Environmental campaigns against deforestation, waste dumping or open-pit mining have often been led by — or joined forces with — Indigenous peoples defending their land rights or communities fighting for the right to clean air, water and the health of their children.
Robert Bullard, a professor of urban planning and environmental policy at Houston's Texas Southern University, was among the first to use the term "environmental justice" back in the 1970s. He showed how entrenched patterns of racial injustice meant communities of color were more likely to live in the shadow of polluting power plants or garbage dumps, and more likely to suffer ill health from poor air quality.
Today, US Americans of color are still exposed to average nitrous oxide emissions 38% higher than white US Americans, and are 75% more likely to live in communities that are next to oil, gas facilities or other polluting industries, according to a 2017 study by the Clean Air Task Force and civil rights group The National Association for the Advancement of Colored People.

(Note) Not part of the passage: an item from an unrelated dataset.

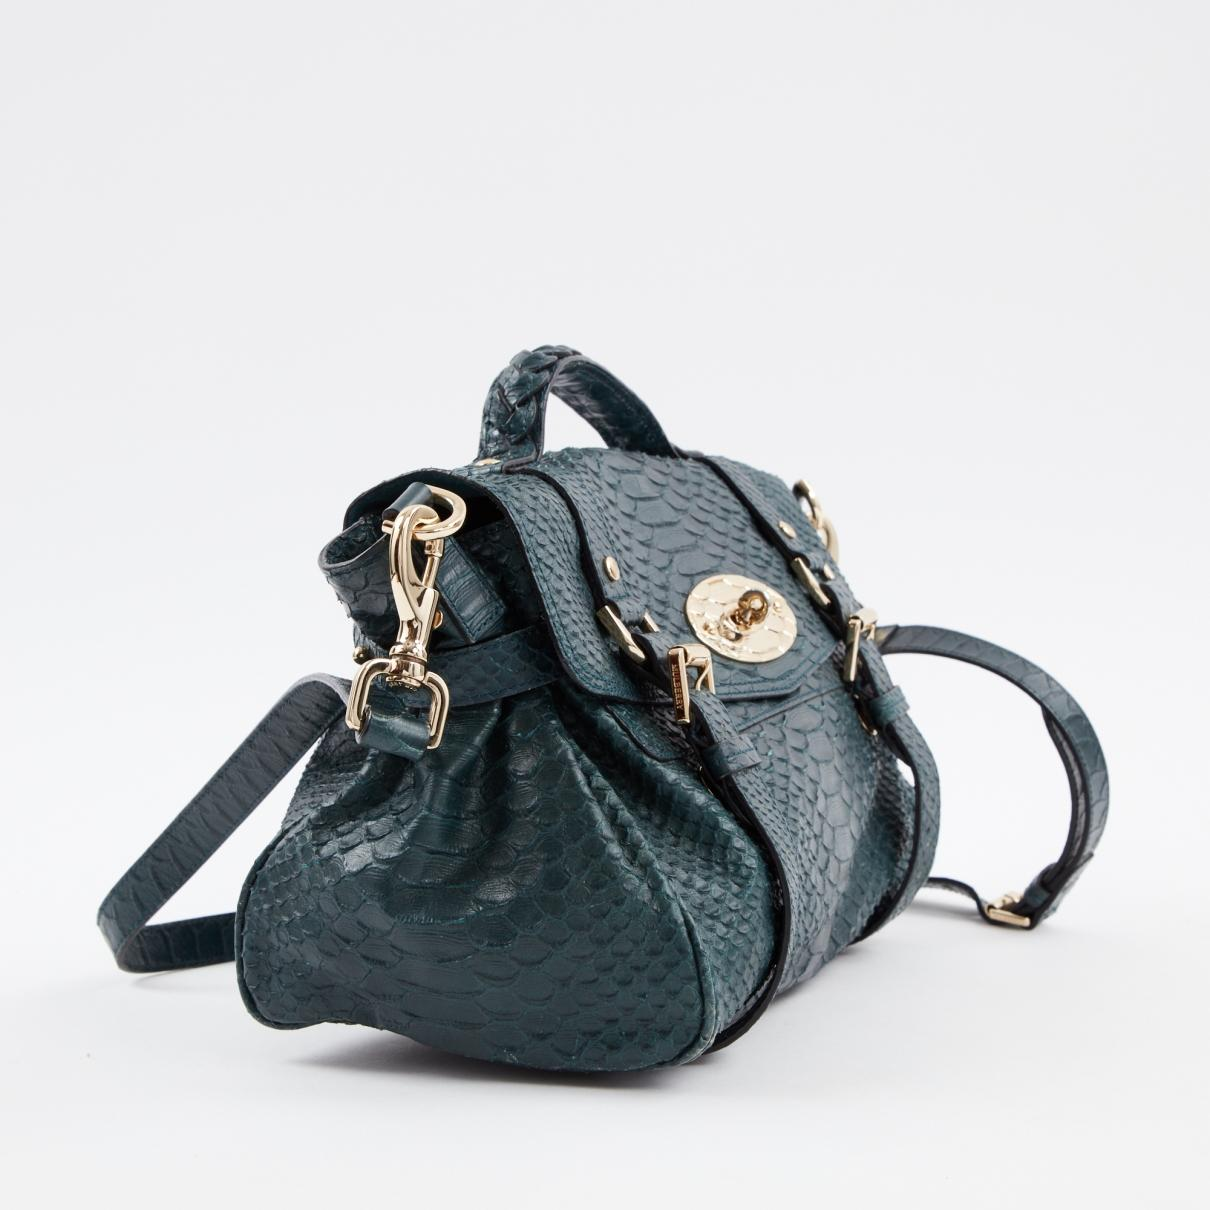 80029817c0e3 Mulberry - Pre-owned Alexa Green Leather Handbags - Lyst. View fullscreen

Earlier this year, US President Joe Biden acknowledged "the disproportionate health, environmental, economic, and climate impacts on disadvantaged communities" when he signed an executive order vowing to "secure environmental justice."
But environmental racism certainly isn't an issue specific to the United States. Deep-rooted prejudice against the Roma, for example, has allowed authorities to push communities belonging to Europe's largest ethnic minority into hazardous environments — treating them, in the words of one Roma activist, as "human garbage."
Many of the Roma community at Pata Rat were evicted from homes in the city of Cluj and forced to live on environmentally hazardous garbarage tip
On a global scale, we're all living through a climate crisis — but we're not all in it together. Rich countries in the global north are responsible for 92% of the historical emissions that have been driving up global average temperatures since the industrial revolution. Even China is only just using up its carbon budget.
Meanwhile, those countries that have benefited least from fossil-fueled economic growth — and therefore have less money to spend on adapting to a warmer world — are seeing the most damage.
And when ecological disasters hit — whether it's climate-change-induced hurricanes, flooding, drought or the loss of fertile soils, forests or fish stocks — those already at a disadvantage because of their race, ethnicity, gender, sexual orientation, disability, class or income level tend to be hit hardest.
Back in 2005, Hurricane Katrina prompted many US Americans to question whether climate change was now threatening its own coastal cities. But this wasn't the only difficult question the catastrophe raised.
As Black communities for evacuation and aid — and those scavenging the wreckage for food and basic necessities were branded looters — many wondered if the authorities' response would have been different if New Orleans had been a majority white city. Meanwhile, local media reported that some emergency shelters turned trans people away.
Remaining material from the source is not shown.